• [Aim of the task] The answer must be the full data, restated word for word, with no pictures in it.

• [Recorded information]
• • • • • • •

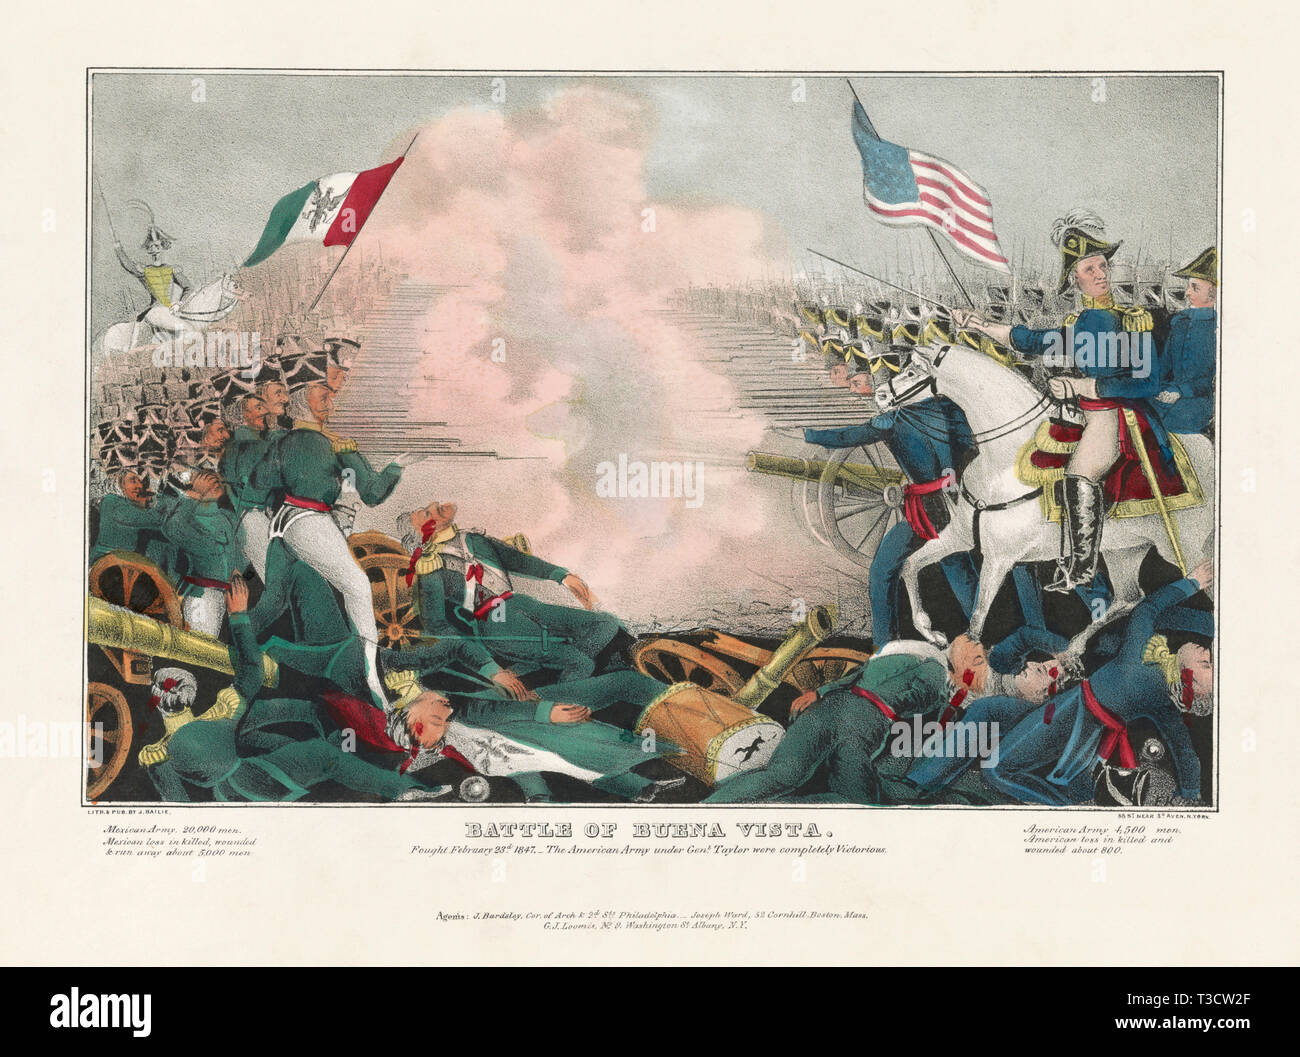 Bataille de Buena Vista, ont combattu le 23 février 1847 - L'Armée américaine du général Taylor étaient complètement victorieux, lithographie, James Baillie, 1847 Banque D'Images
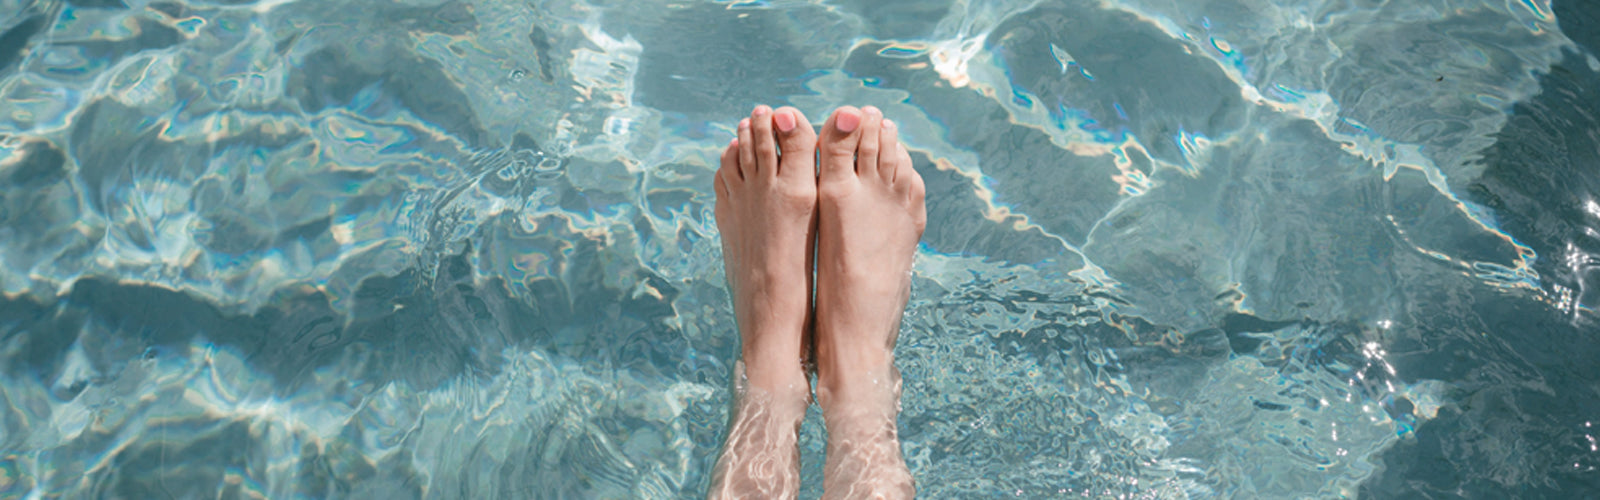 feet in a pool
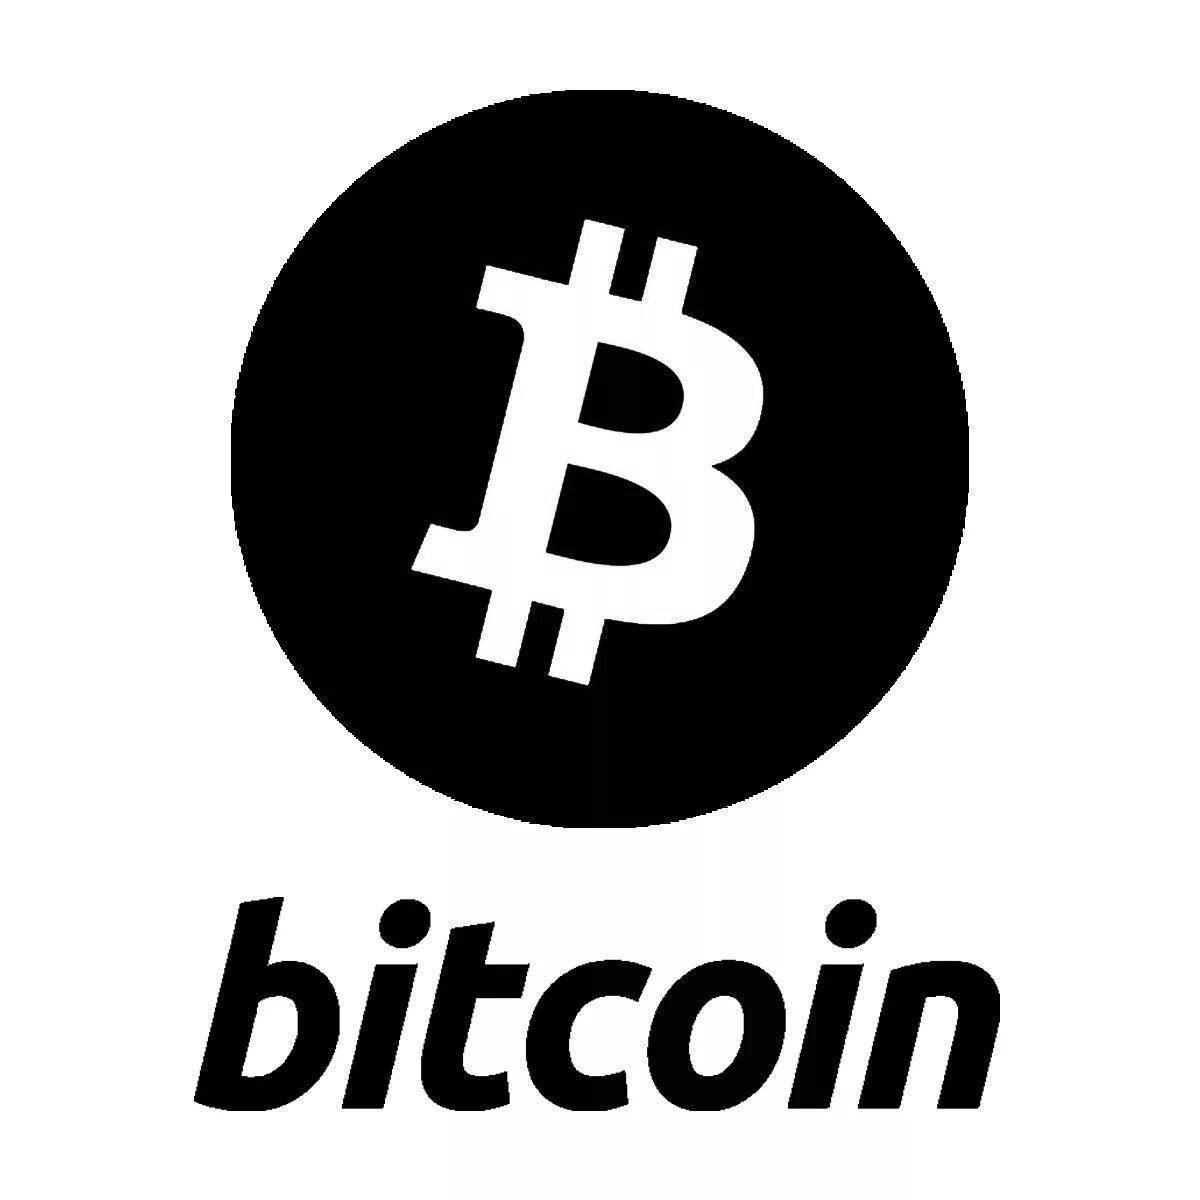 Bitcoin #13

• • • • • • •

• [Output]
 Bataille de Buena Vista, ont combattu le 23 février 1847 - L'Armée américaine du général Taylor étaient complètement victorieux, lithographie, James Baillie, 1847 Banque D'Images
 feet in a pool
 Bitcoin #13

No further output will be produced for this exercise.